Openrefine looks like a spreadsheet

But it's for manipulating data, not entering data. The down arrows for each column give options, like sorting, editing, and filtering.

Facets

It also lets you group and clean information.

Try "Facet" > "Text Facet" on Birthplace.

Working with Facets

Facets let you see the range of data in a column (like a filter in a spreadsheet.  Try sorting the birthplace facet by count--you'll see the most-frequent birthplaces.

 

But what about all the different ways Albany is entered? A computer understands "Albany N.Y." and "Albany, NY" as two different places.

 

We could go through the column and hand-correct all of these errors so they're all the same, but that takes forever and we're lazy.

We could hover over each incorrect place, hit edit, and correct it that way.  But we're still so lazy.

Clustering

If you hit "Cluster" at the top of the facet pane, you'll get this--what the computer thinks looks similar.  You still need to go through and check the box to merge groups.  Click "Merge selected & re-cluster"
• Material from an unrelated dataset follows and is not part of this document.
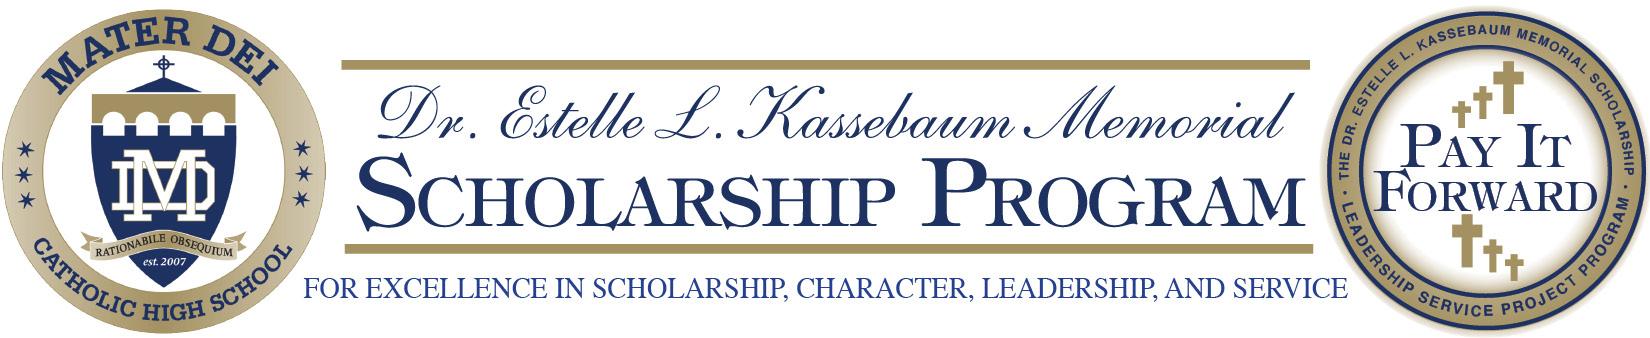 adasitetitle – DrKassebaumScholarship2

There's several different algorithms for finding clusters--try each of them out, and change the settings.  Ngram-fingerprint didn't find clusters with size 2, but founds lots of clusters with size 1.

Don't be too trusting!

The computer thinks that Yorkshire, England and Hampshire, England are the same!  You need to use your own judgement.
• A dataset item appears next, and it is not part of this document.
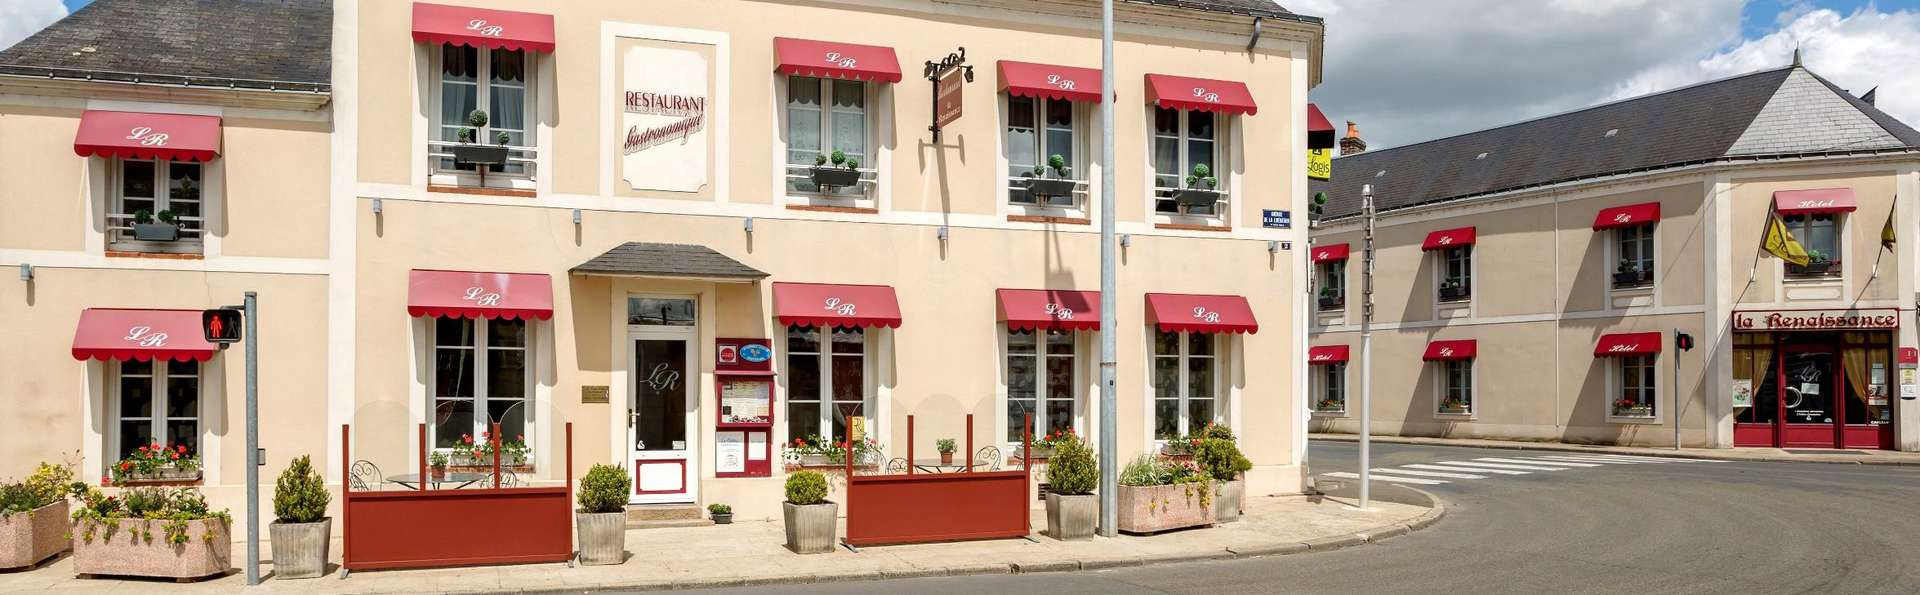 L'Auberge Alsacienne - dauberge_alsacienne.jpg

When you're done, hit close and look at the facet pane again.  You may still need to hand-edit some things, but a lot less now!

 

Go through and hand-correct some of the remaining typos.

Faceting & Clustering

Try faceting and clustering other columns, like EthnicityReligionOccupation, Sentencing Location and Offense

You can also facet by number, but sometimes OpenRefine doesn't recognize columns as numbers right away.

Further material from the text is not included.